В камеру за Ребровым пришли, выдали его одежду. Усадили в машину и повезли в центр. По обе стороны от Реброва сидели два хмурых комсомольских упыря, гладких и накачанных.
Подъехал к дому в Плотниковом переулке, сопровождающие ввели Реброва в обыкновенный подъезд обыкновенного дома, испещренный матом на облупленных стенах, окропленный мочой десятков кошачьих поколений, гниющий и сопротивляющийся умиранию.
Поднялись на шестой этаж, позвонили, дверь открыли... В прихожей, приветливо встречая, стоял подполковник Грубинский. Ребров вошел, сопровождающие обменялись с начальником парой слов и... исчезли по немудренным гэбэшным делам: выпить, забежать к знакомым девкам в подсобки, разжиться редким товаром почти за так - все ж власть заявилась.
В конце коридора Ребров заметил незнакомую женщину с седым пучком на затылке, промелькнувшую бесшумно и похоже, опечаленную тем, что в нарушение просьбы-приказа попалась на глаза. Ребров знал, что у комитета в центре сотни квартир, хозяева коих когда-то попали в тенета бойцам вооруженного отряда партии, да так и не выскочили из силков.

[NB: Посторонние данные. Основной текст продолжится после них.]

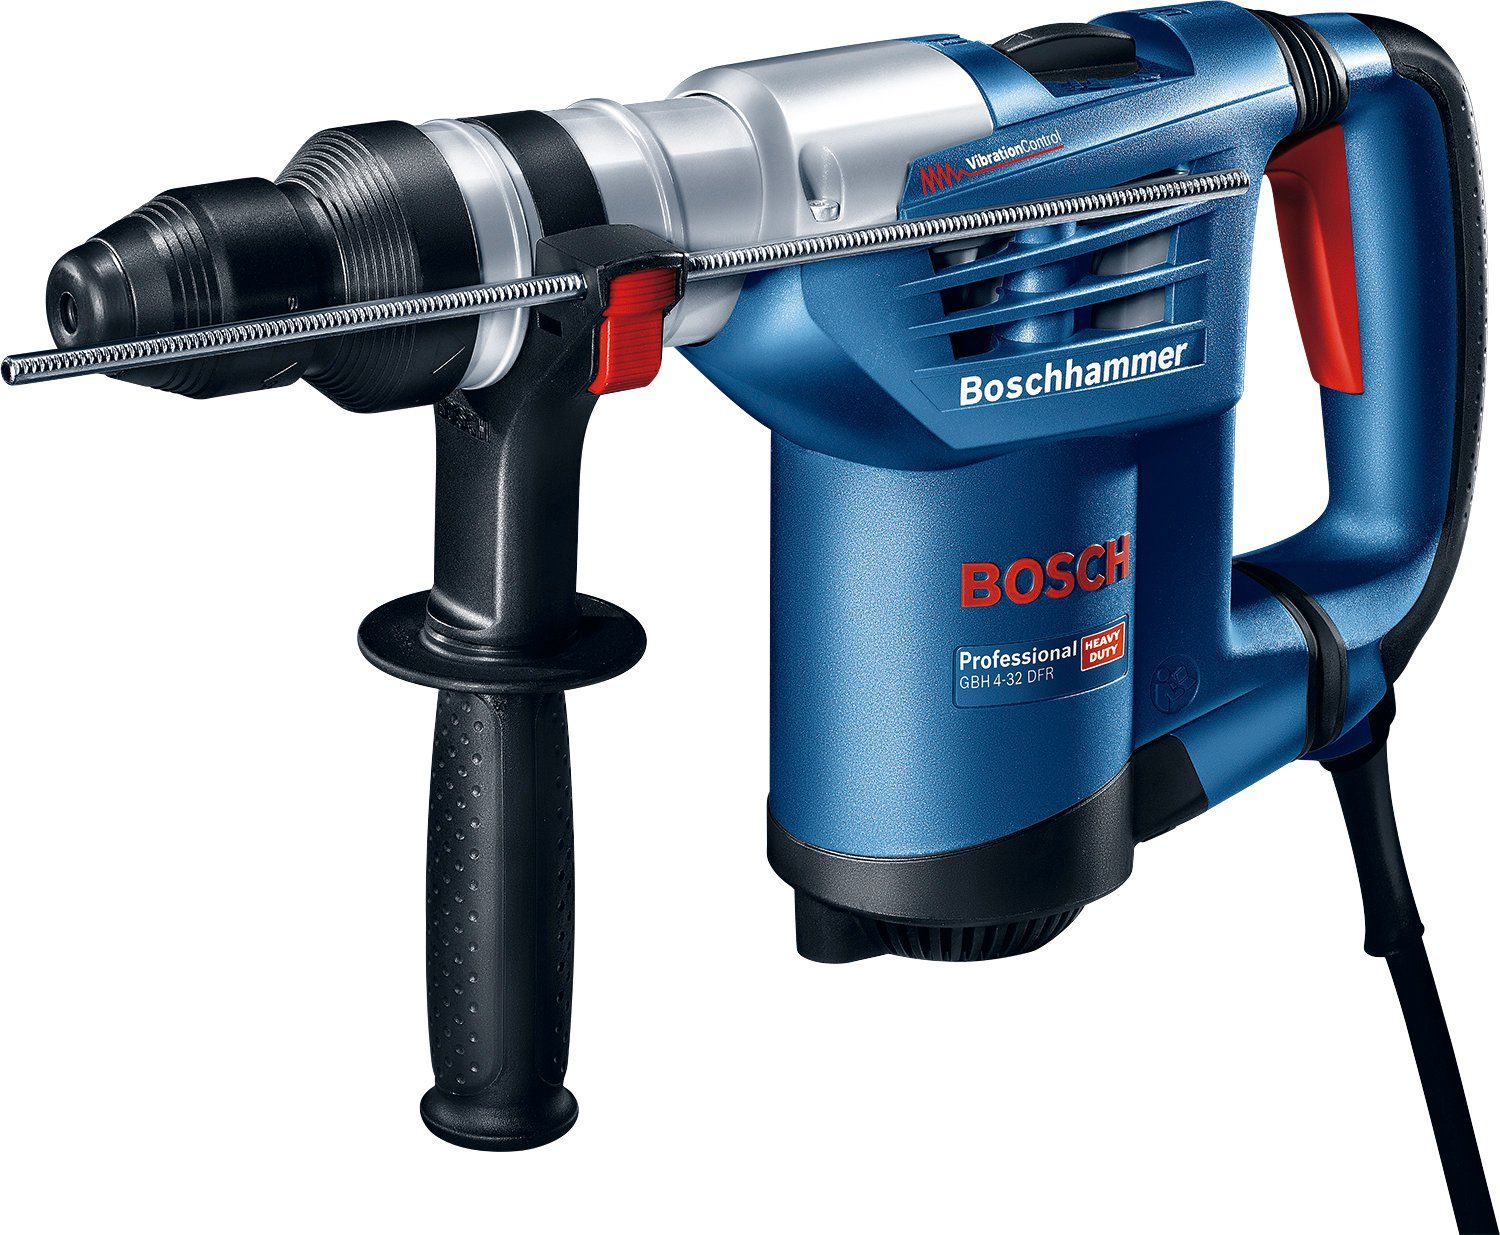 Bohrhammer Bosch 3600 max. Handwerkkoffer Professional mit 4-32 DFR, U/min, GBH Schnellspannbohrfutter,

Грубинский поддержал Реброва за локоть, провел в большую, давно не ремонтированную комнату. За столом сидела мать...
Мать и сын обнялись, подполковник тактично отошел к окну, то ли высматривая машину своих орлов, то ли пытаясь понять, как не зачахли цветы на окне, неизменно обращенном в темный каменный колодец.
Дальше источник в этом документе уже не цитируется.